• Data shown
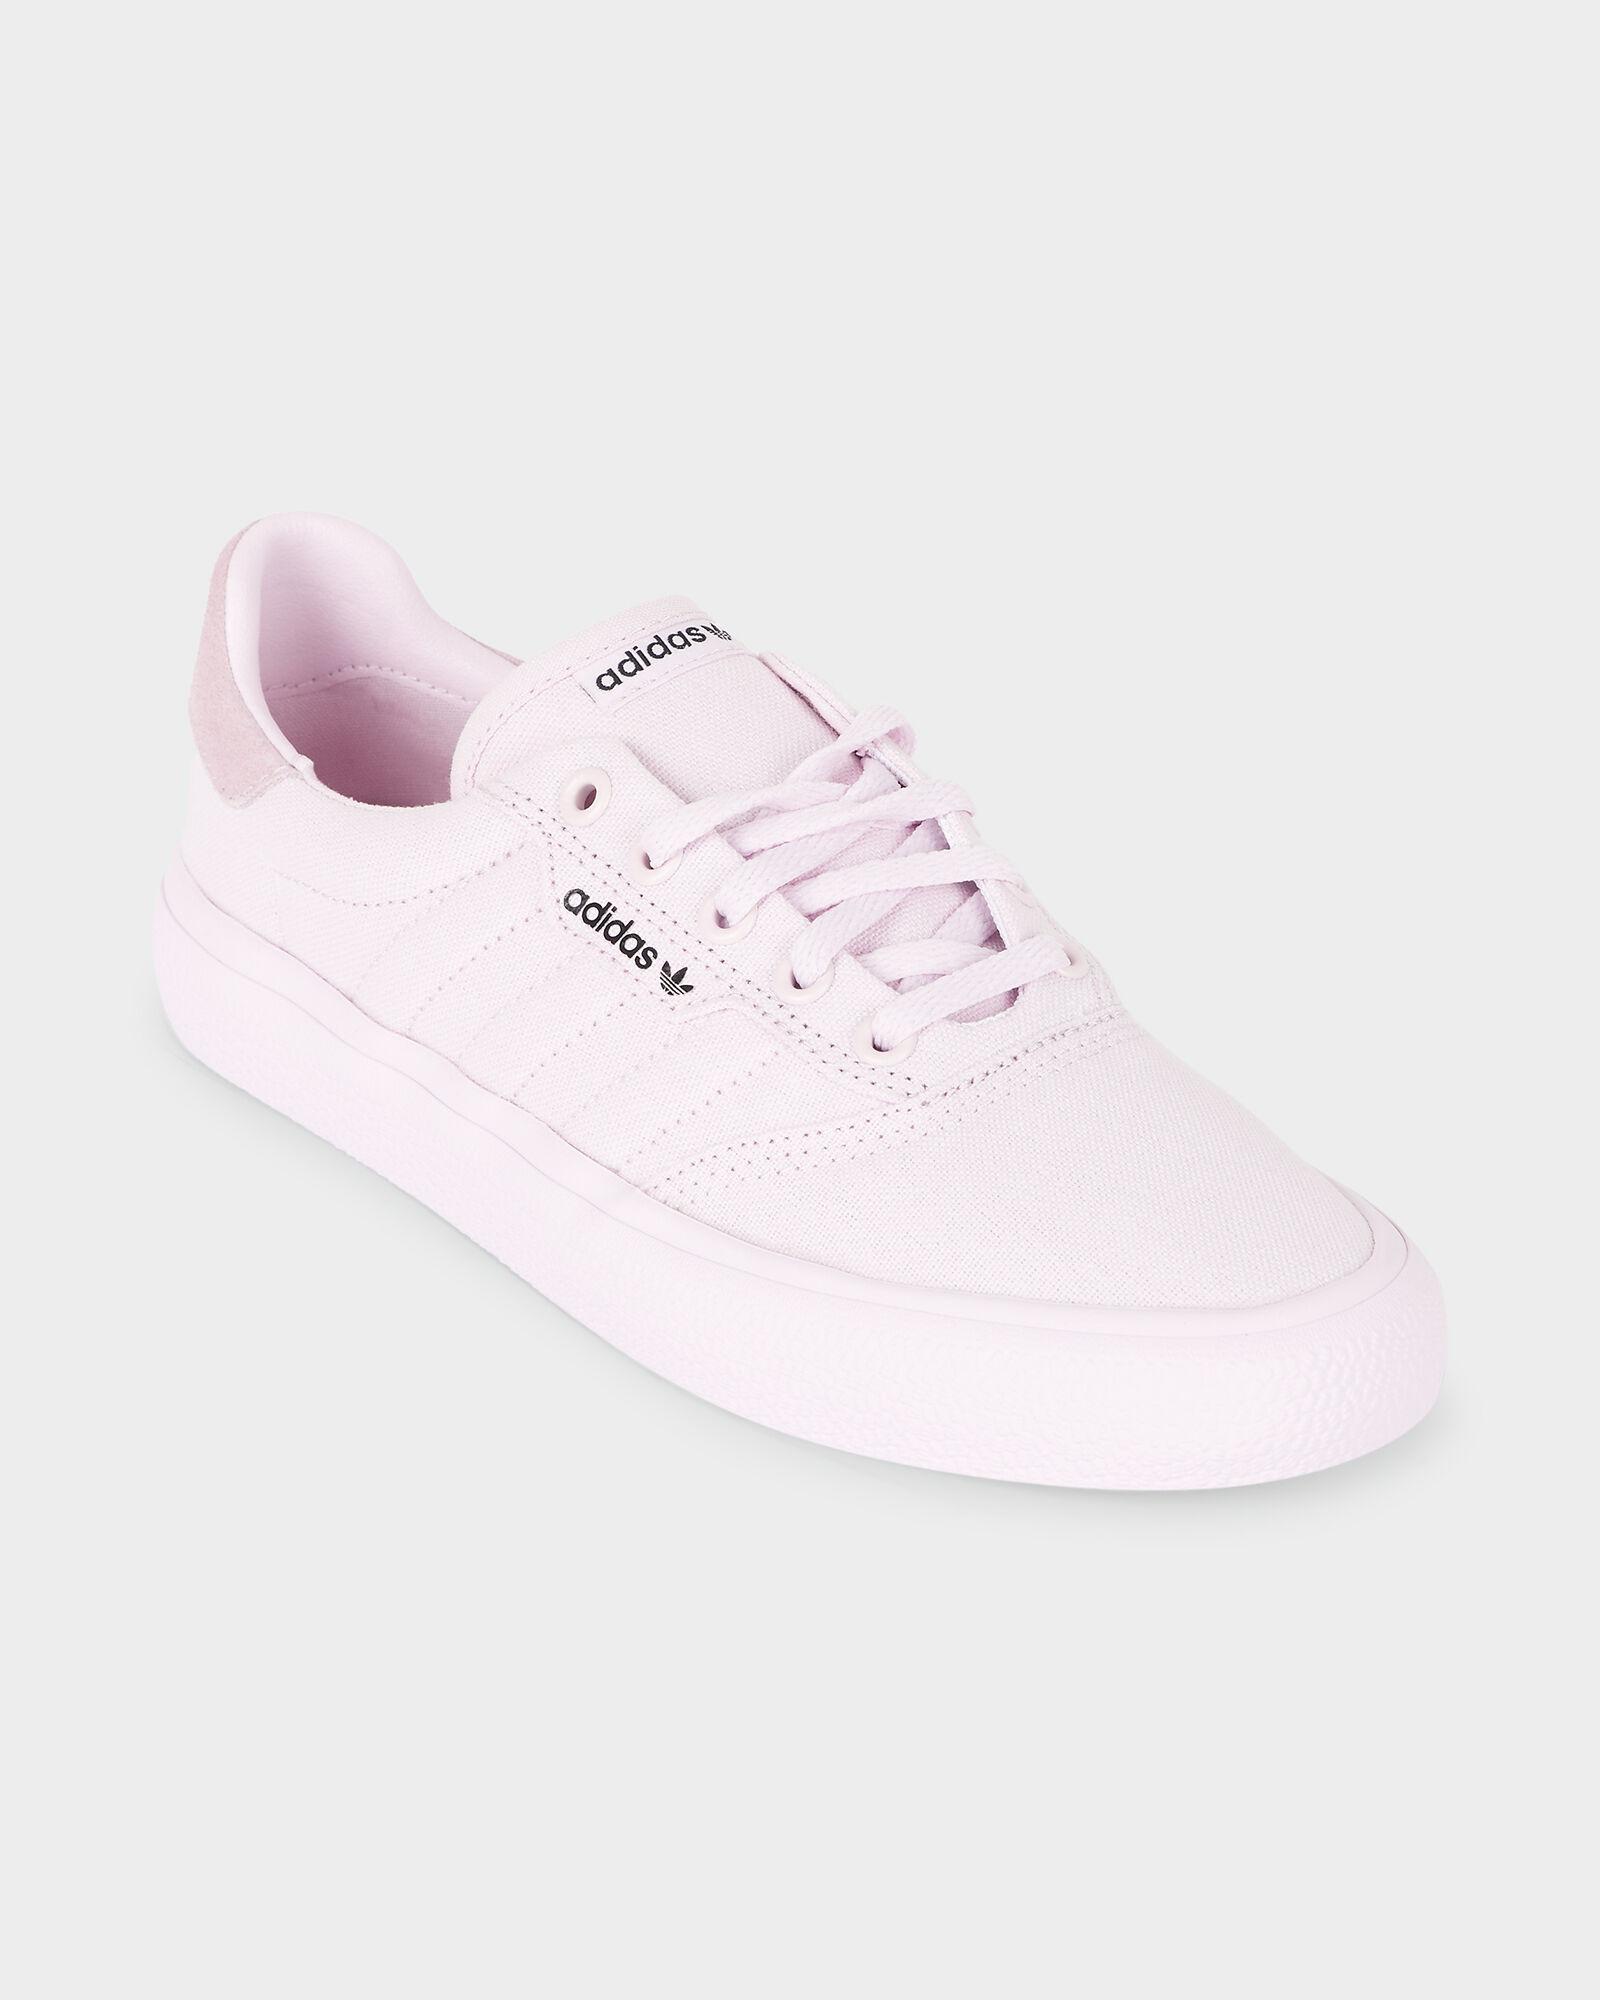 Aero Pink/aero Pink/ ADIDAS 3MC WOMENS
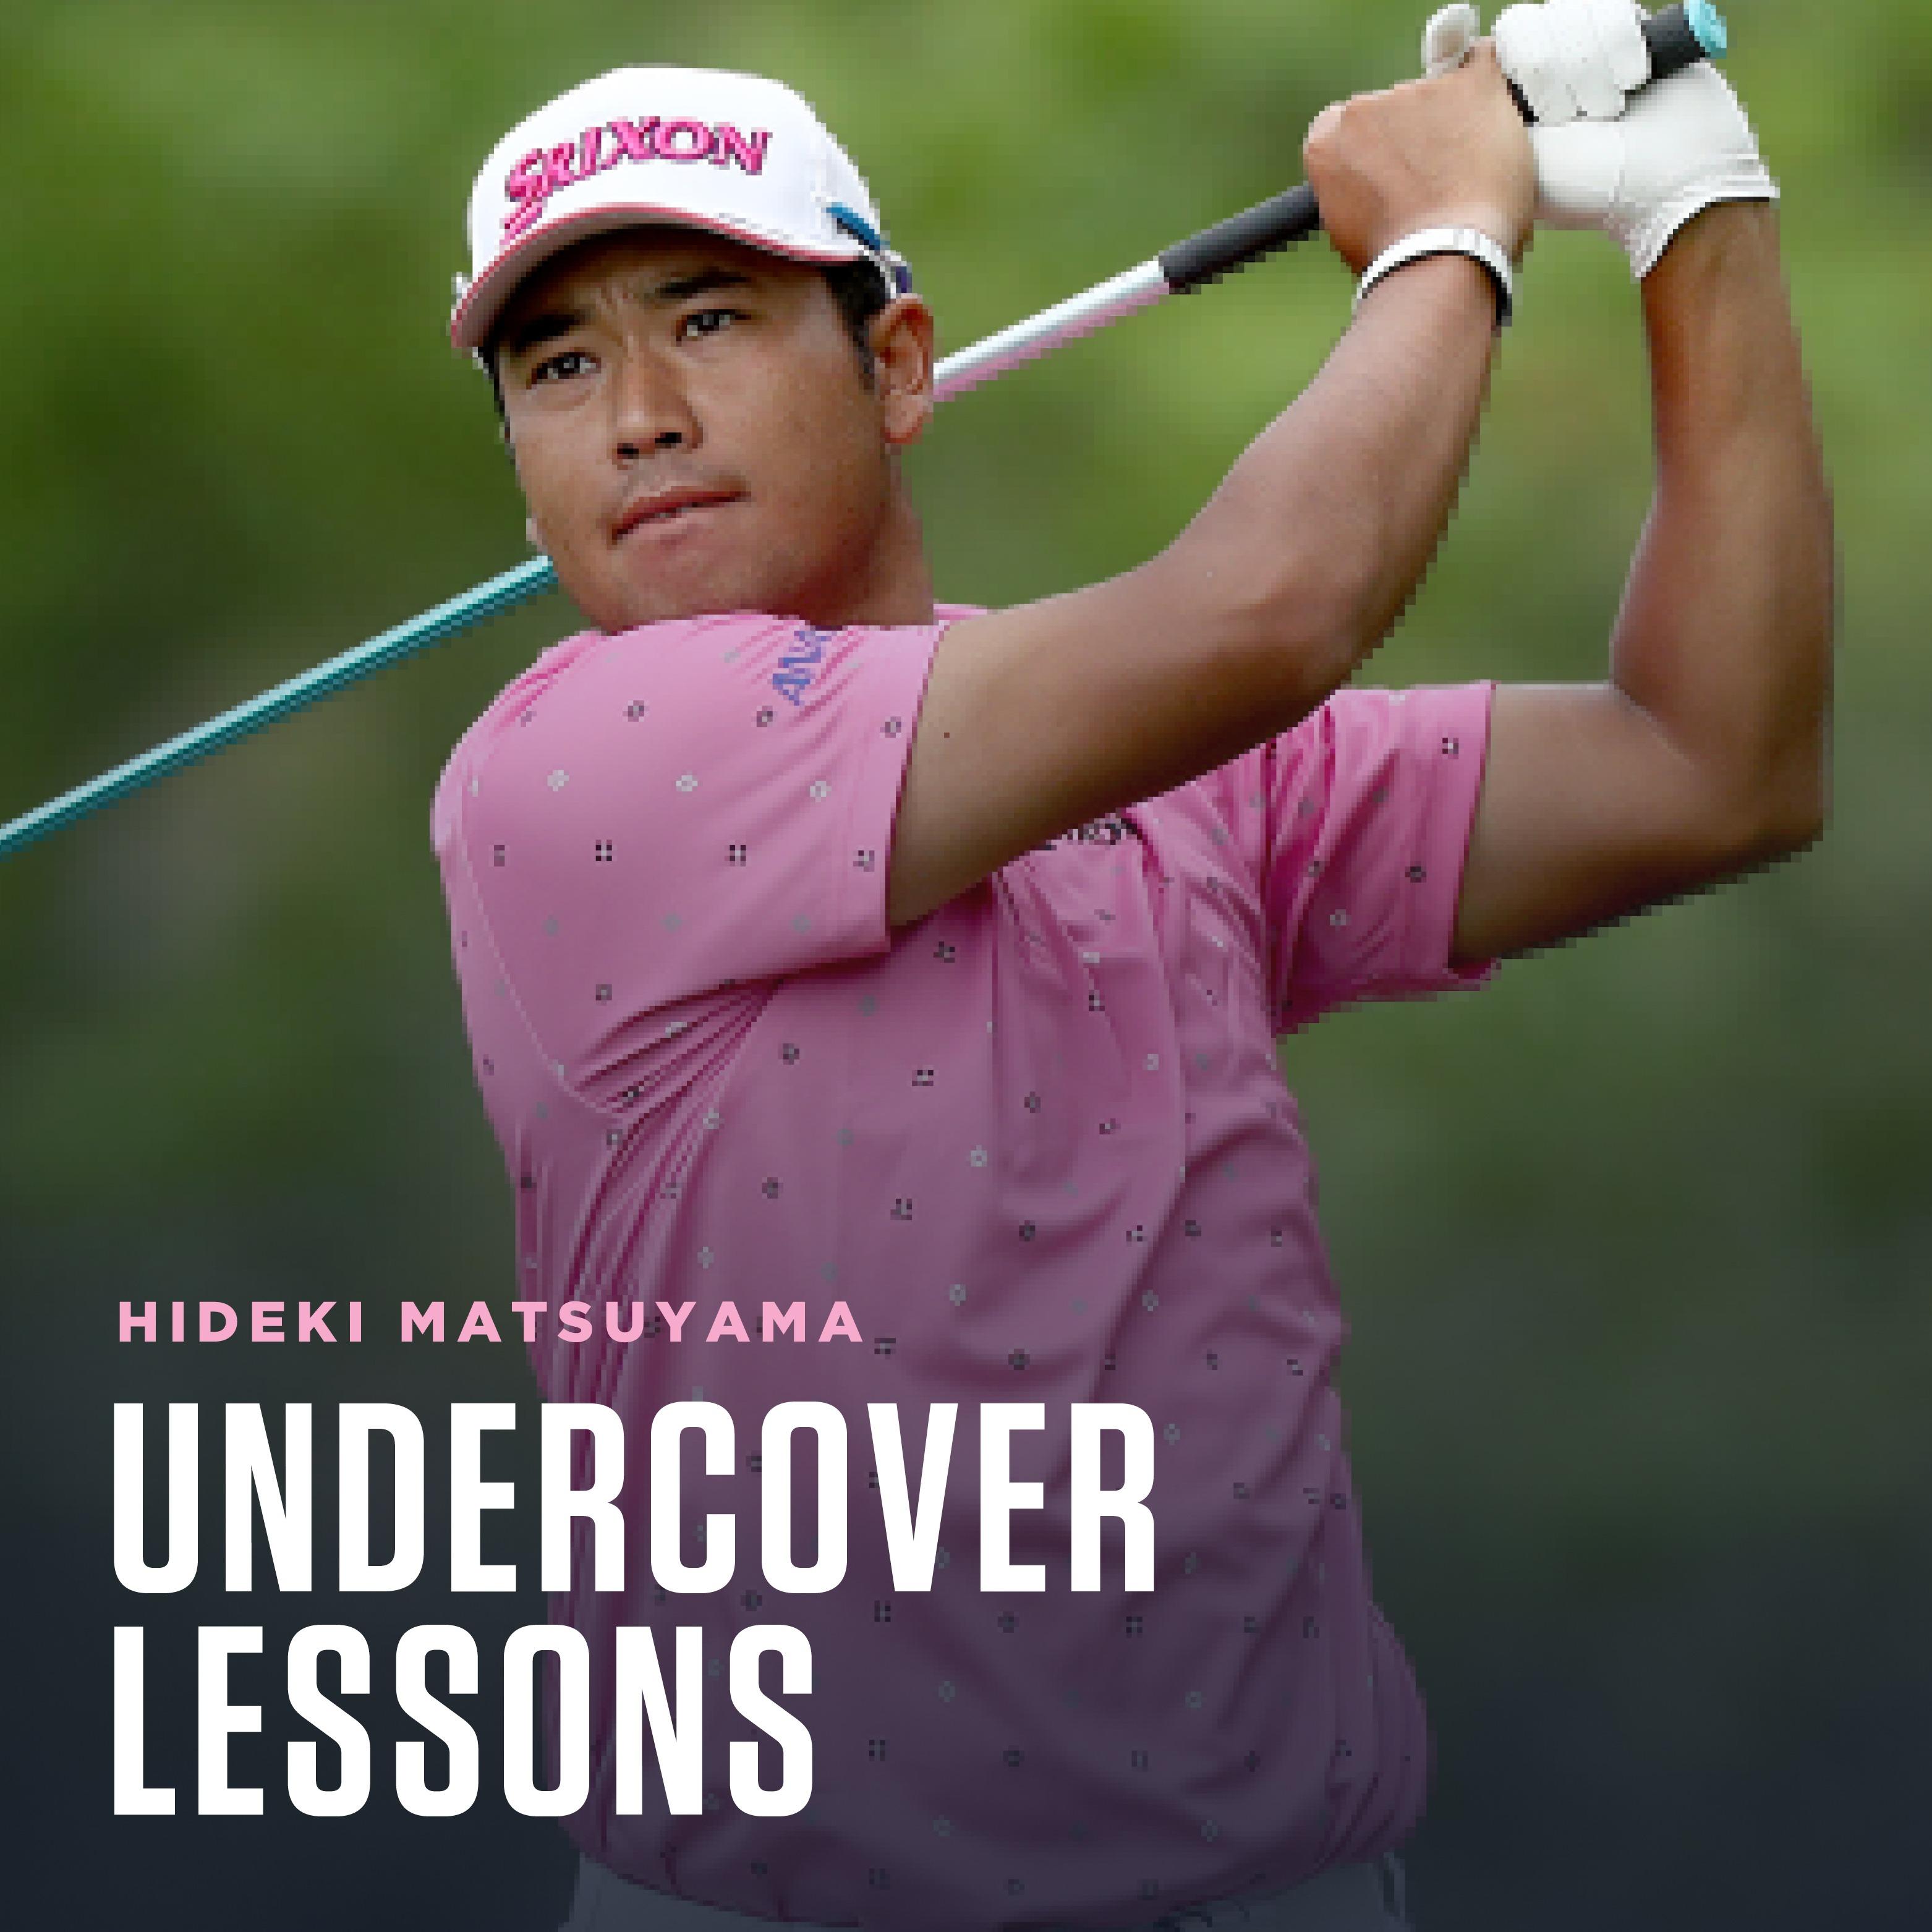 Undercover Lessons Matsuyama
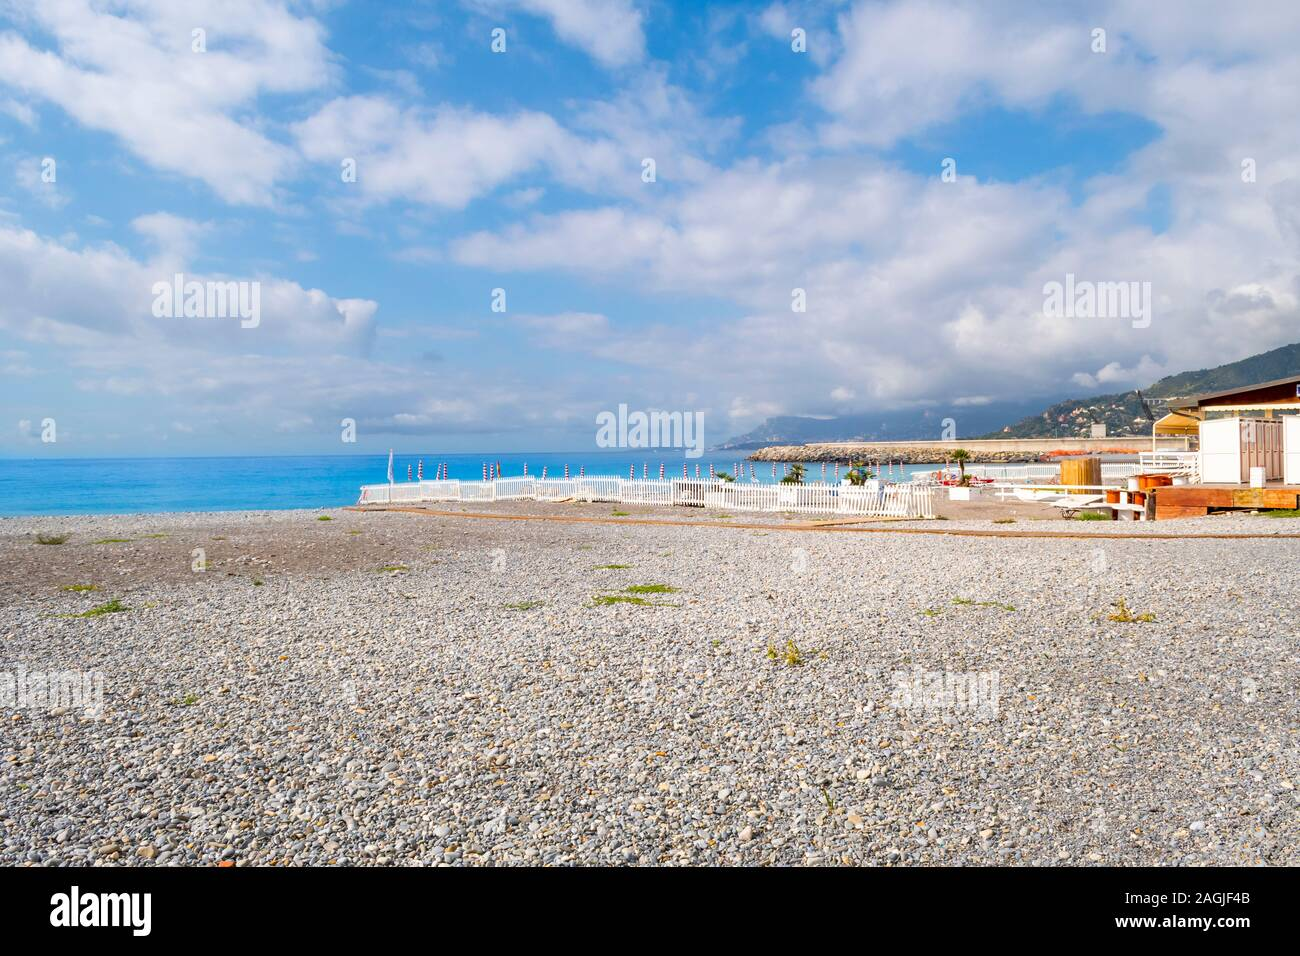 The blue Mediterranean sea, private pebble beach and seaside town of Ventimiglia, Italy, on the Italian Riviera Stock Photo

• Activity
Please reproduce the whole listing exactly; the pictures stay out.

• Exercise result
 Aero Pink/aero Pink/ ADIDAS 3MC WOMENS
 Undercover Lessons Matsuyama
 The blue Mediterranean sea, private pebble beach and seaside town of Ventimiglia, Italy, on the Italian Riviera Stock Photo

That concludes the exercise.